DATA SHOWN: Begin

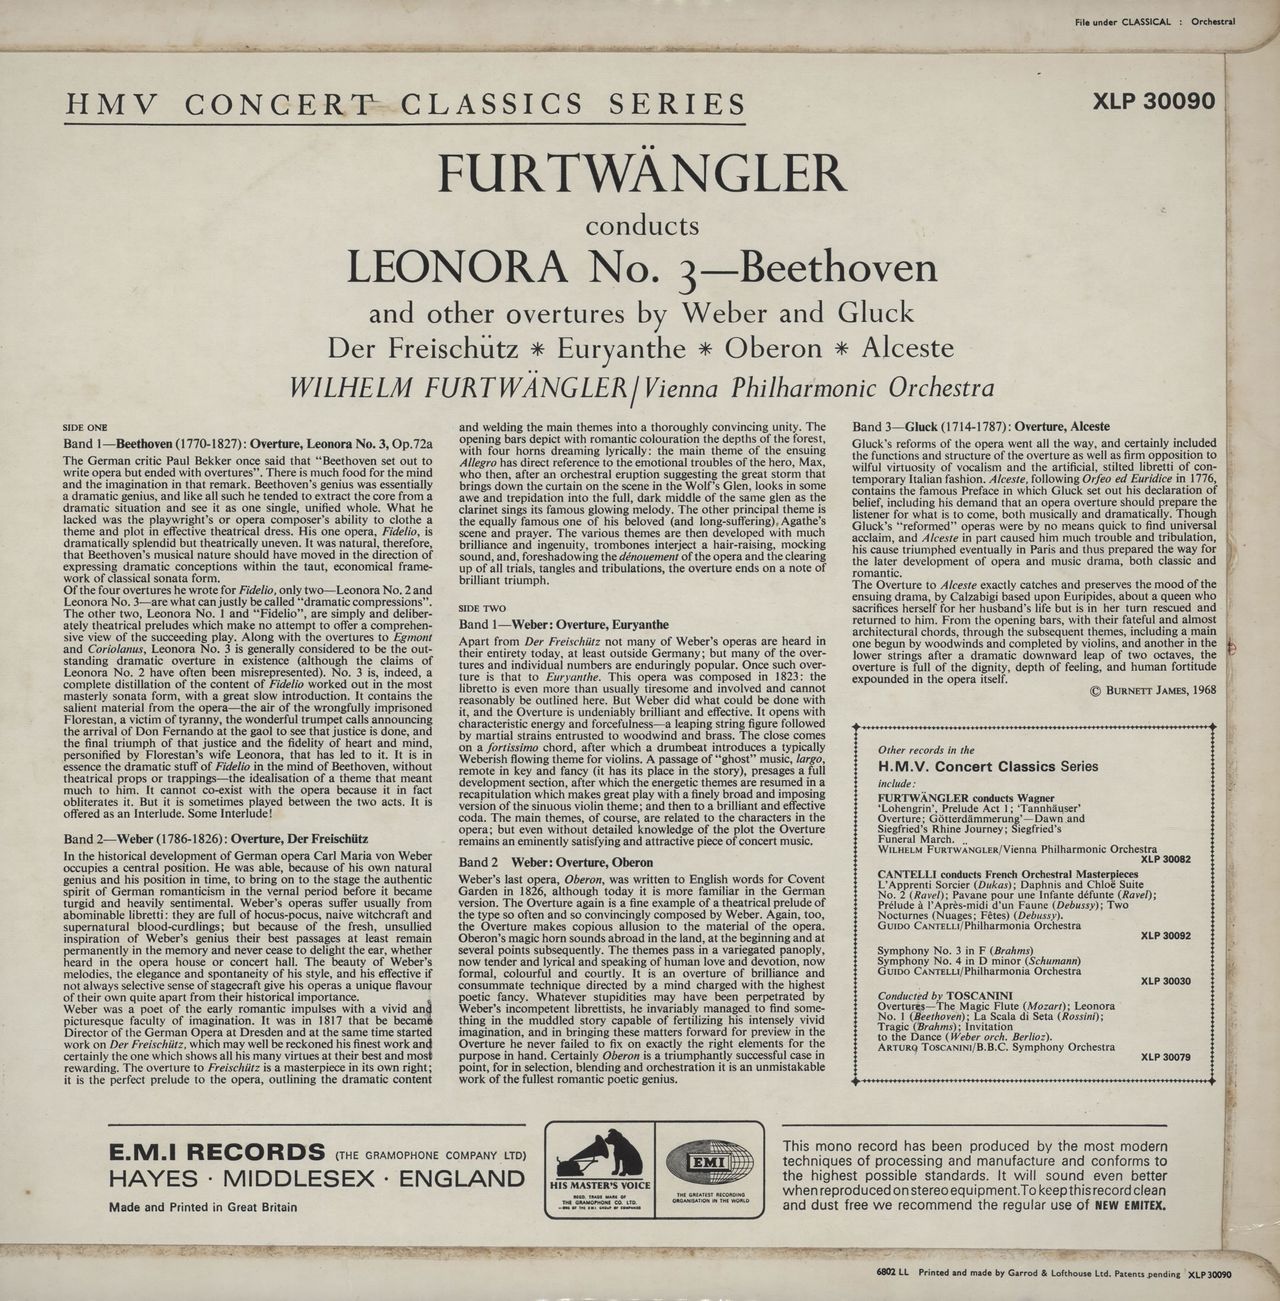 Vienna Philharmonic Orchestra Furtwängler Conducts Beethoven's Leonora No. 3 & Overtures by Weber & Glück UK vinyl LP album (LP record)
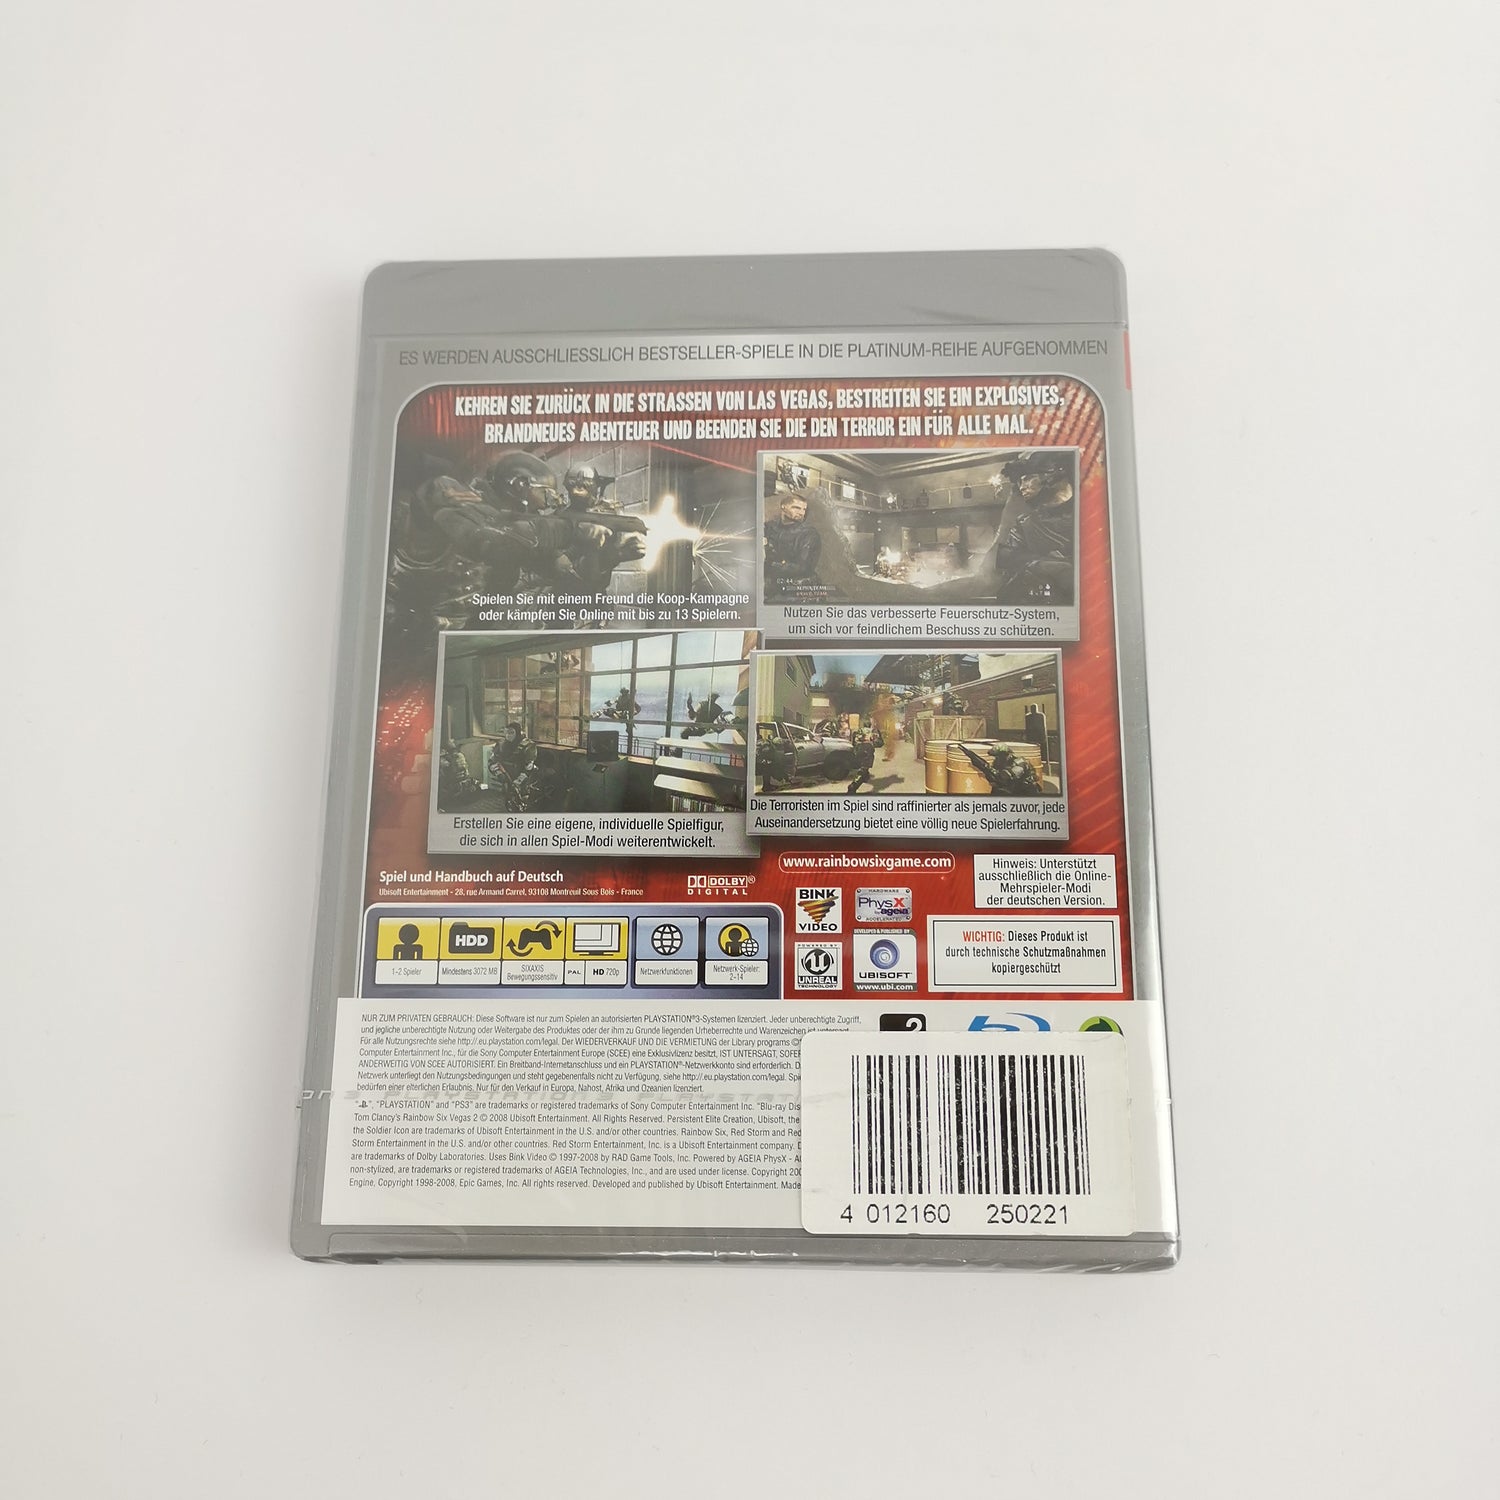 Sony Playstation 3 Spiel : Tom Clancys Rainbow Six Vegas 2 | Platinum USK18 NEU
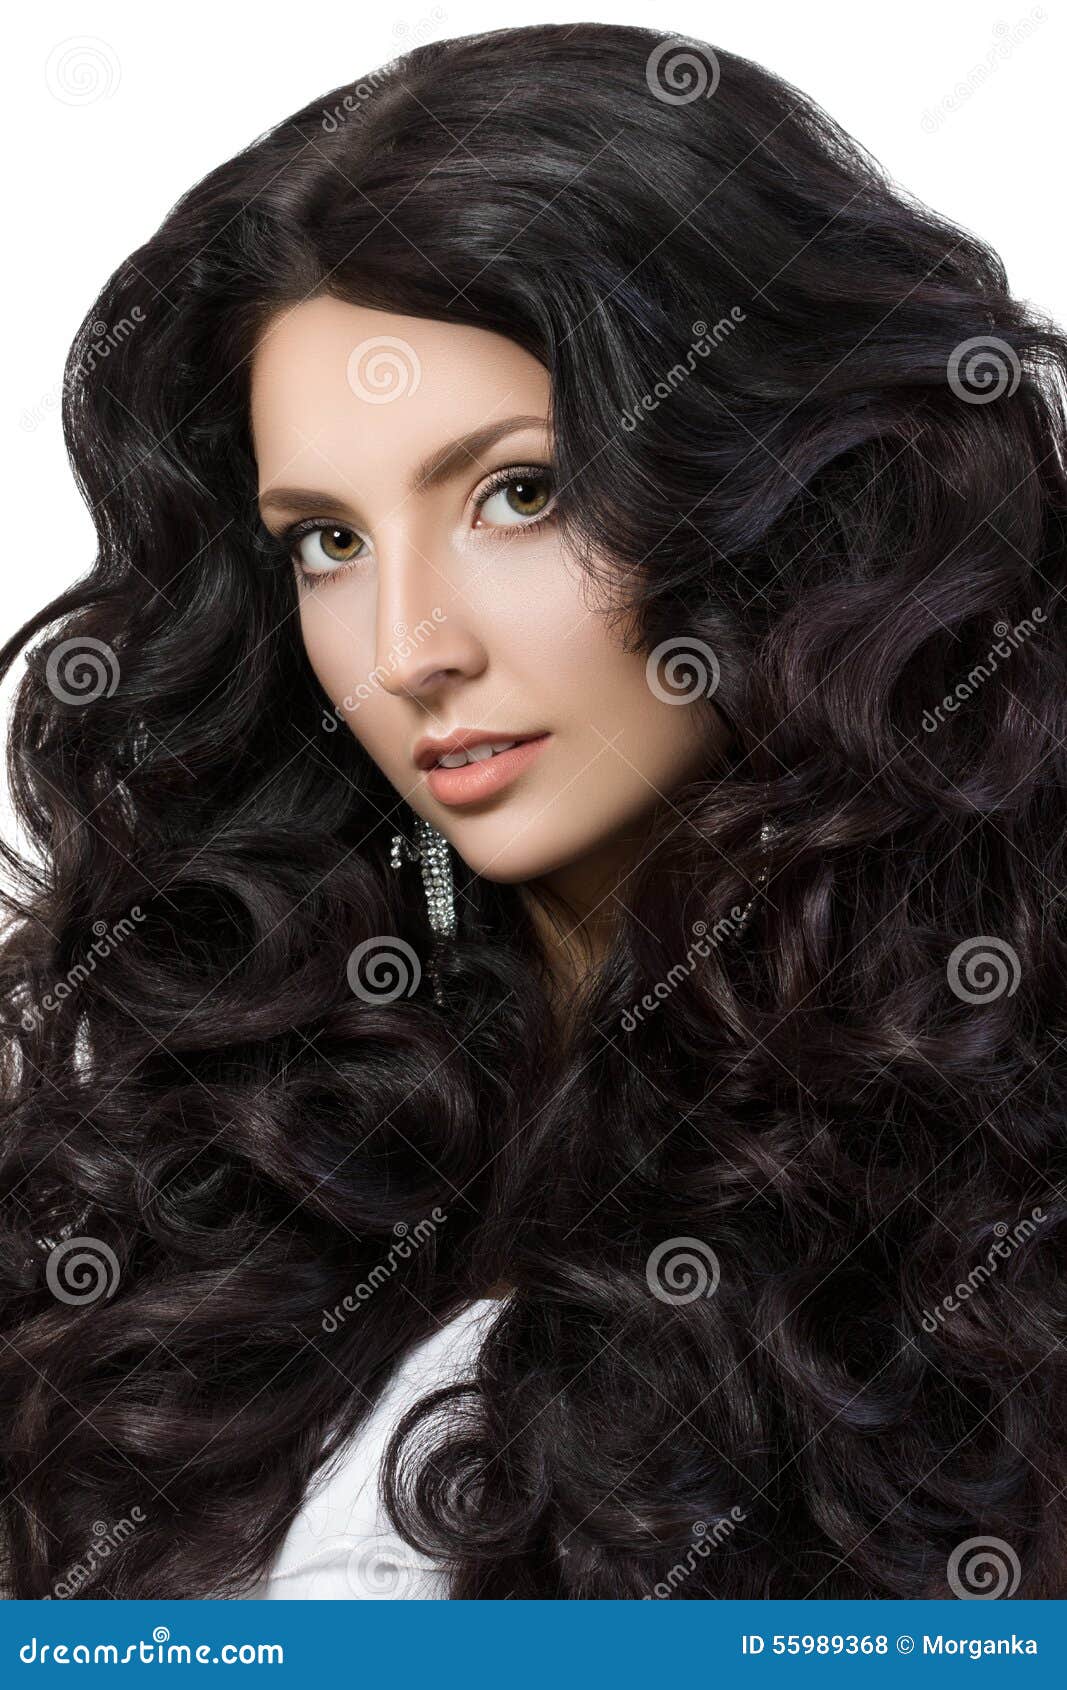 cherry mae ubaldo add photo pretty black haired woman
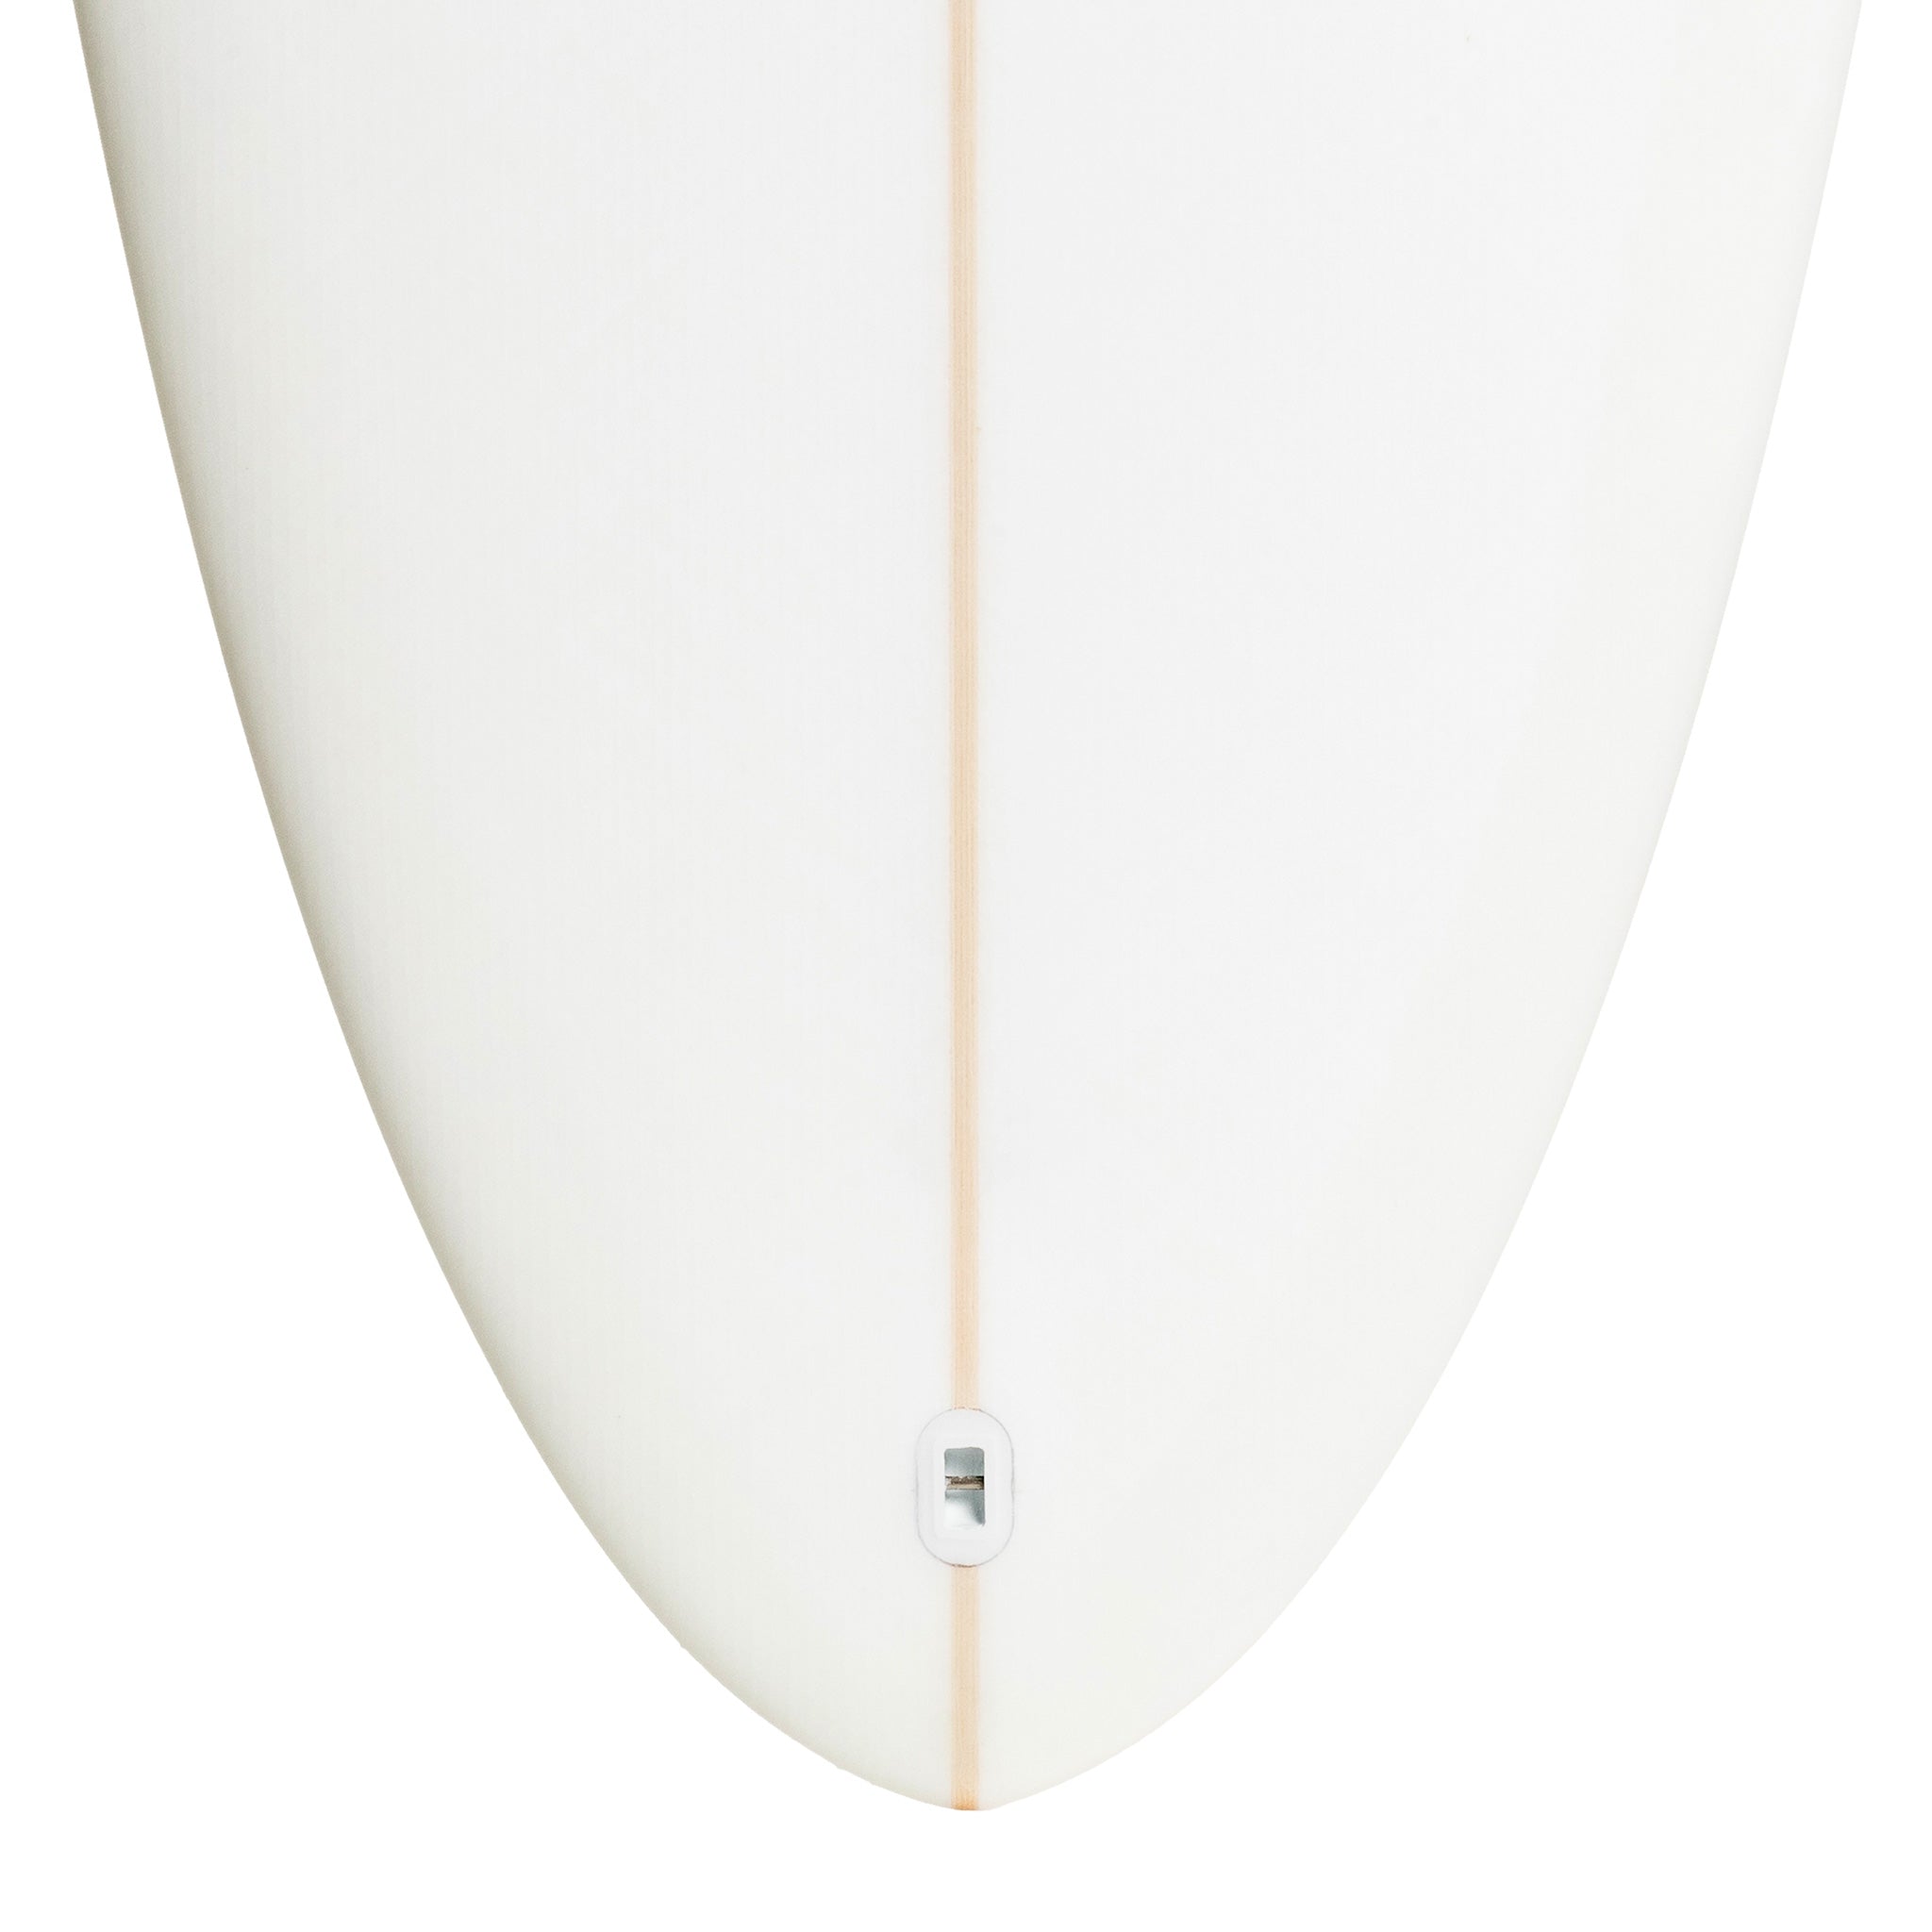 Quiksilver Surfboard Long Log

DATA SHOWN: End

### THE TASK
Line by line, write out the material exactly, leaving the images out.

### FINAL ANSWER
 Vienna Philharmonic Orchestra Furtwängler Conducts Beethoven's Leonora No. 3 & Overtures by Weber & Glück UK vinyl LP album (LP record)
 Sony Playstation 3 Spiel : Tom Clancys Rainbow Six Vegas 2 | Platinum USK18 NEU
 cherry mae ubaldo add photo pretty black haired woman
 Quiksilver Surfboard Long Log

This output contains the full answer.